In 1898 he became a Director of the Golden Cache Co, a mining consortium. He was prosecuted for erecting buildings on False Creek that same year, but denied ownership and the case was dropped. (We assume he may have been an agent for whoever did construct the unauthorised buildings). He worked both as a land agent and a mining broker, offering interests in mines, and real estate, advertising both as J J Banfield and Co, and as John J Banfield’s List. He was also a Notary Public, and by 1908 when he sponsored the pocket guide map of the city, he also offered loans and insurance services.
He was one of the first members and the treasurer of the Tourist Association, and in 1912 he was elected treasurer of the Progress Club, a new organization dedicated to the creation of a Greater Vancouver. He was also vice-president and treasurer of the Hospital Board, and in 1914 Chairman of the Board. For many years he was chairman of the Vancouver school board. He was also a member of the Board of Trade, and an elder at St. Andrews Presbyterian church.

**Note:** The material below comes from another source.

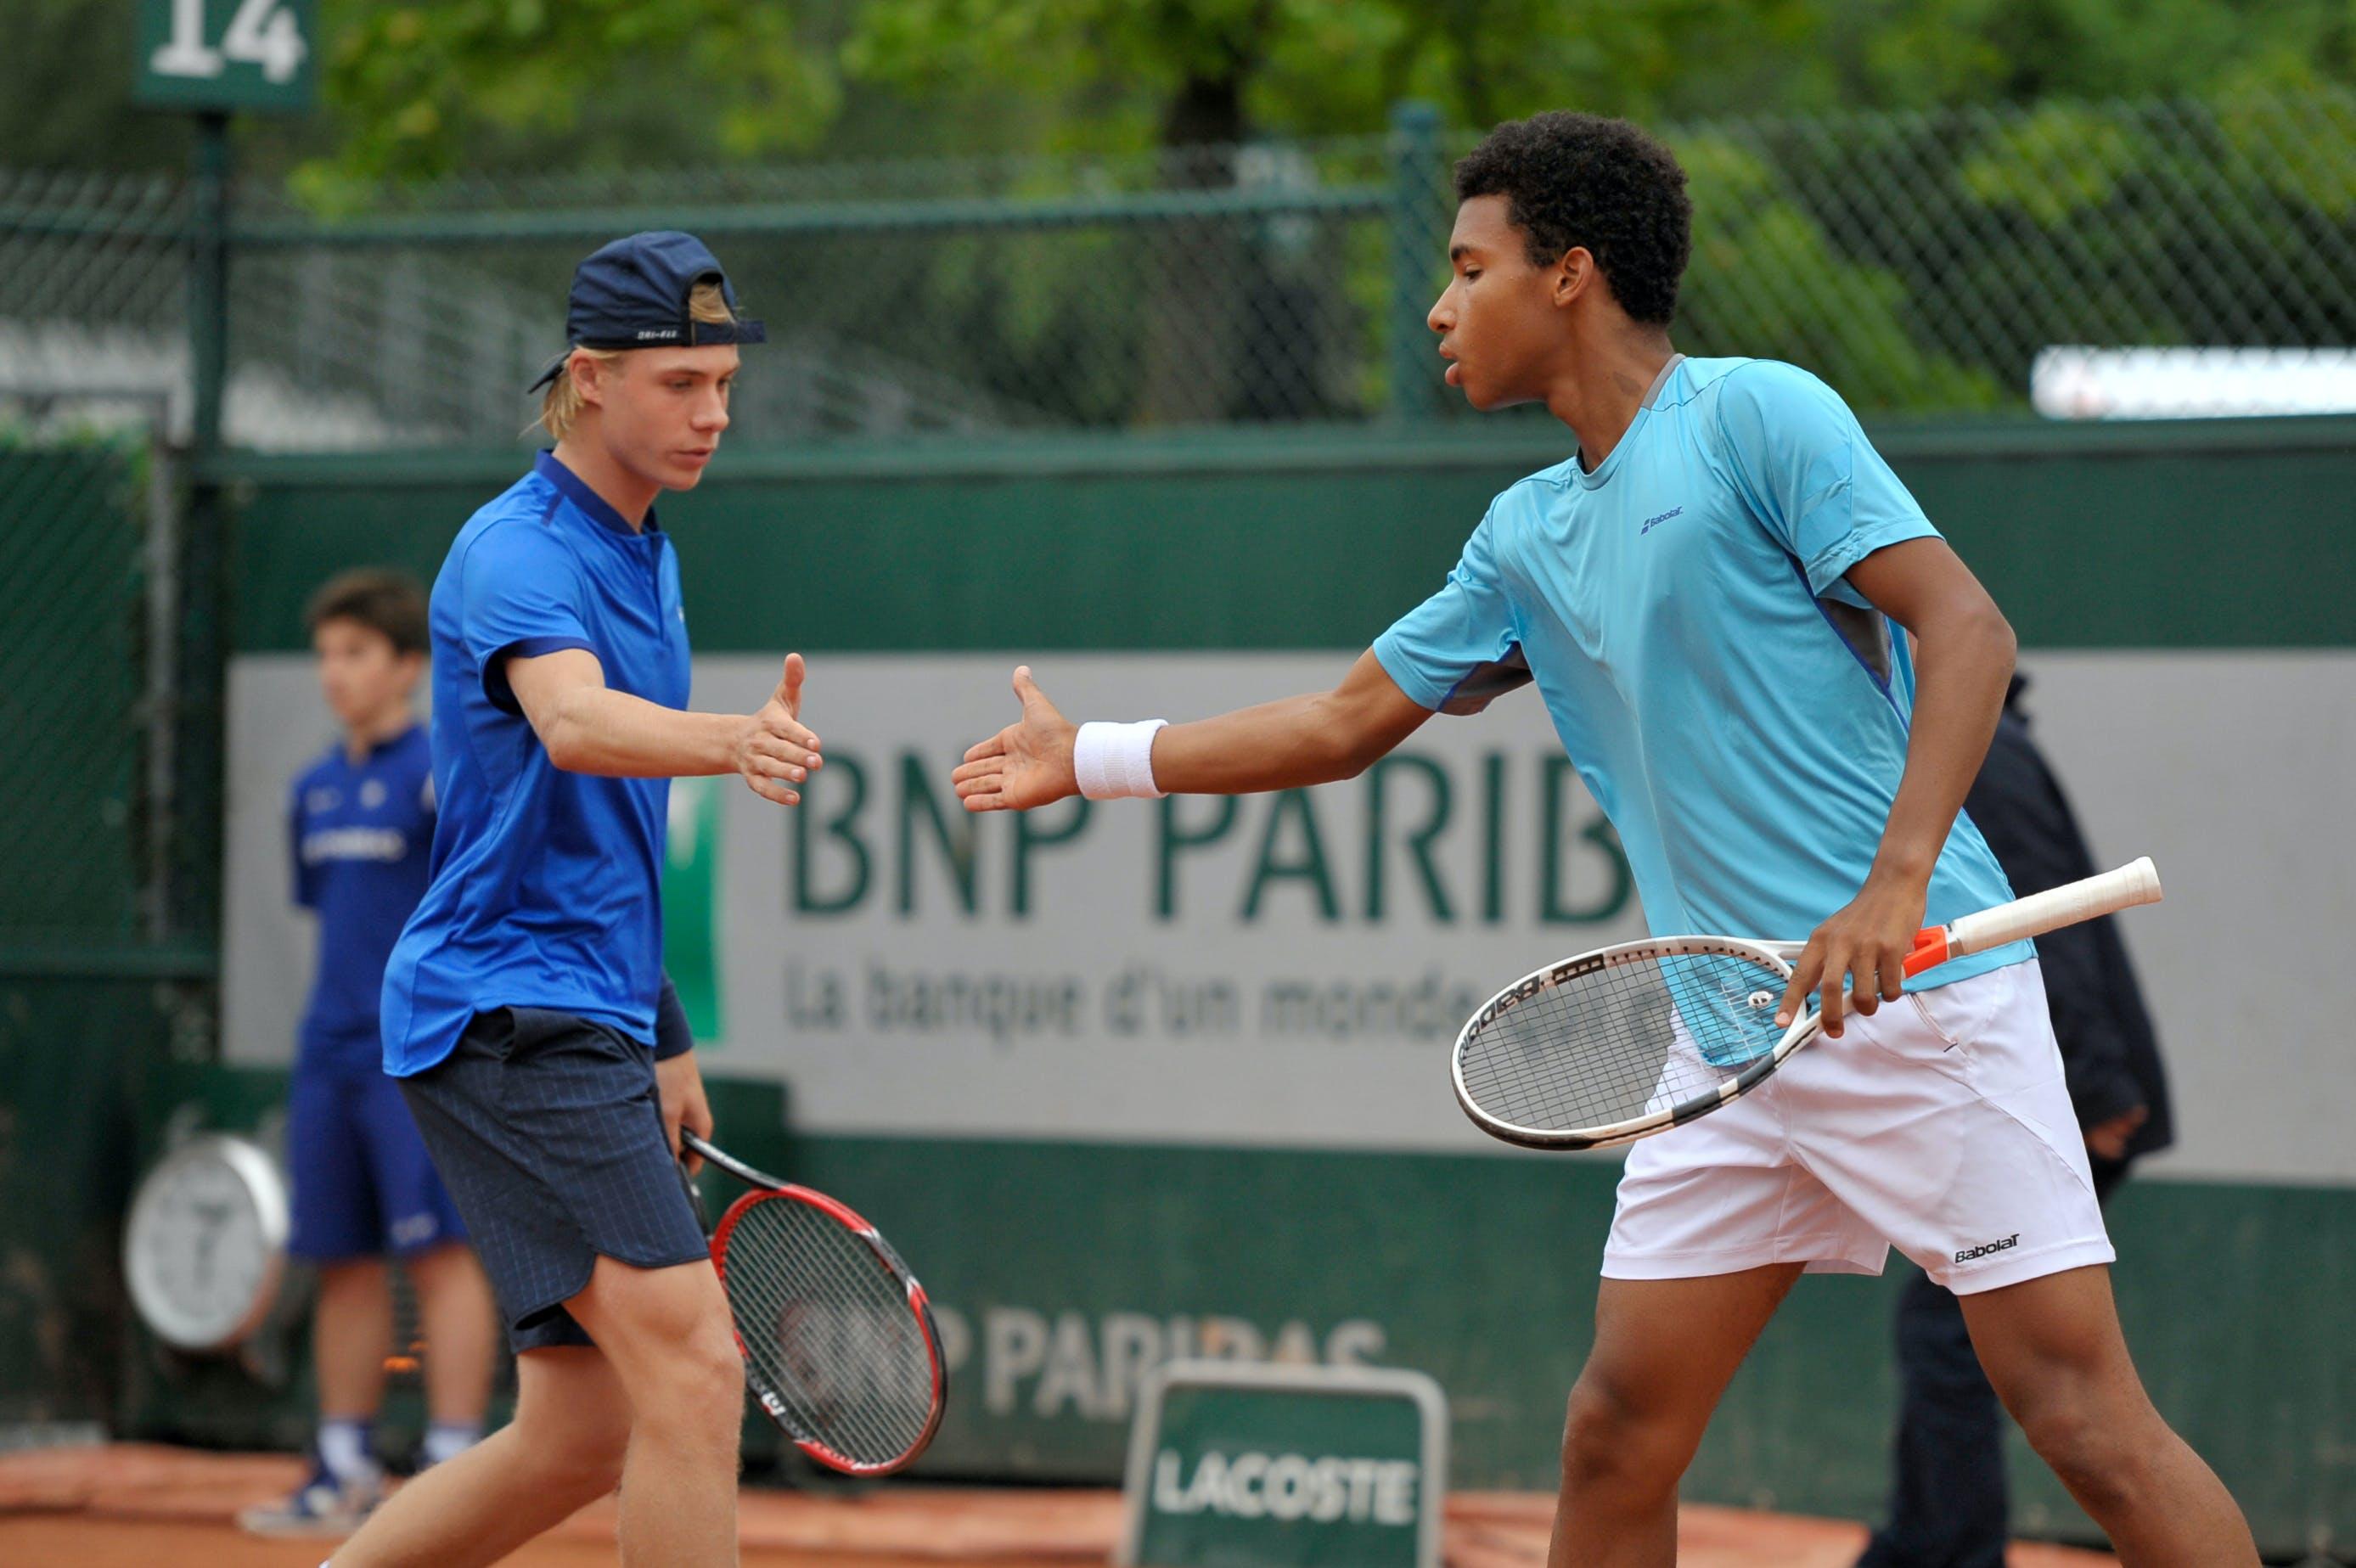 Denis Shapovalov Felix Auger Aliassime Roland-Garros junior 2016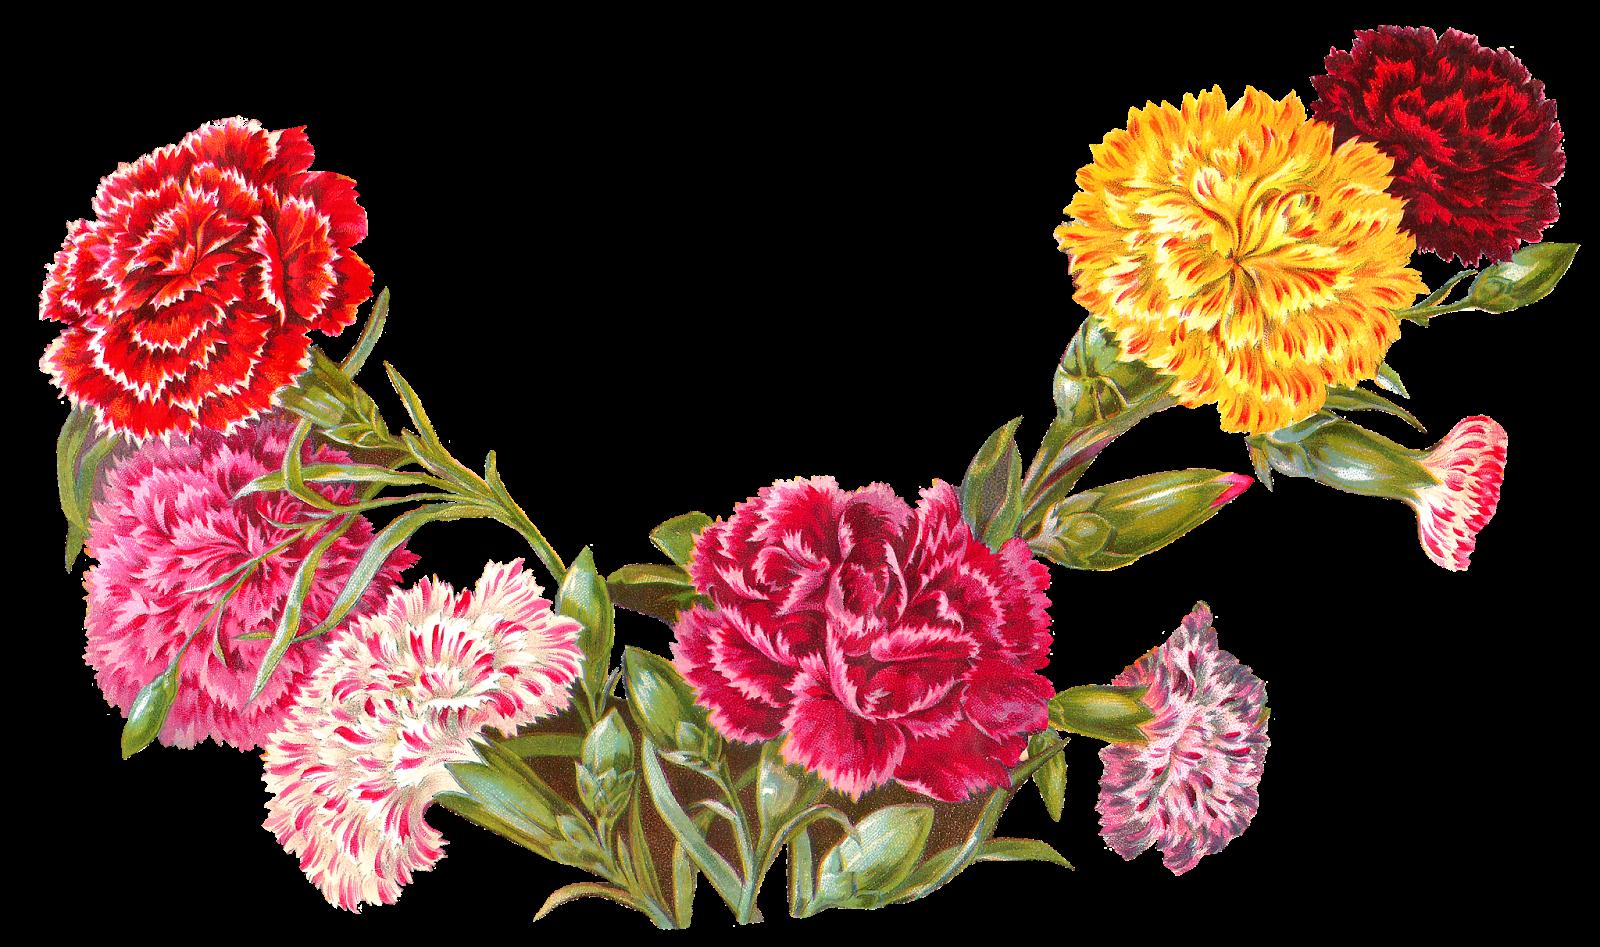 Bright flower clipart jpg freeuse stock Antique Images: Old Botanical Art Carnation Illustration Digital ... jpg freeuse stock

It was no surprise that Mr. Banfield chose T R Nickson to build his investment. Thomas Ralph Nickson married Rebecca Mae Banfield on September 9, 1908. In 1912 the Nickson’s briefly lived in the Banfield household at 644 Bute, a house across the street from the apartments. They had three sons, John, Allen and Rex, but divorced in the 1920s. Mae married again to Charles Cummings, who headed the Northern Construction Company. He had been married with children in Vancouver, but had also been divorced (in Reno, Nevada in 1928). He was on a business trip to Palm Springs, California, in 1933, to survey a contract to pipe water to Los Angeles, when he died unexpectedly at the age of 53.
(William) Orson Banfield went to local schools, served as a mule train driver in the First World War and, as a Trekker, graduated from UBC in 1923 in chemical engineering. (‘Trekkers’ were participants in the Great March of October 1922 that saw more than 1,000 students descend on the Point Grey peninsula to express their displeasure at the slowness of the government in building the university there.)
The Stadacona Block was first listed in 1911 at 645 Bute Street, with 22 tenants, although the census recorded it as 601 Bute. One of the tenants was James W Banfield, from Nova Scotia, with his wife Dorothy and their daughter. Like J J Banfield, he was in real estate, as was John Honeyman, another tenant. Other tenants included C Nelson Ecclestone, also in real estate, Walter Nichol, a bookkeeper with Molson’s Bank, George Black, a barrister and John J Tulk, manager of the Diamond Liquor Co. The Tulks were still living here ten years later when their son, John, a successful lawyer, died after a five year illness, leaving a widow and four children. A year later John Levin, a described as Winnipeg pioneer, and owner of the Norwood Hotel hotel moved in, and died just a few weeks later at the age of 65. A well-known member of the Jewish community, he had moved his family west for his health from Calgary, but his heart disease left a widow, three sons and two daughters.
In 1945 the building was sold for $60,000, and a year later Mrs. D Gunn, the owner, objected to a cabaret restaurant licence for a former car showroom “Mrs. Gunn, voicing the opposition of 70 of her tenants, because of possible noise, doubted the night spot would cater only to persons over 35, as advertised. Said she: “What woman ever admitted she was over 35?” By the 1950s the apartments were leased to ‘girls only’, with linen and TV provided and in the 1980s the apartments were still advertised for girls, and described as ‘individual rooms’ from $160 a month.
Today there are 26 suites, and the building can be seen in The Flash, and as Cisco’s Apartment Building in Supergirl.
Image source: the Langmann Collection, UBC.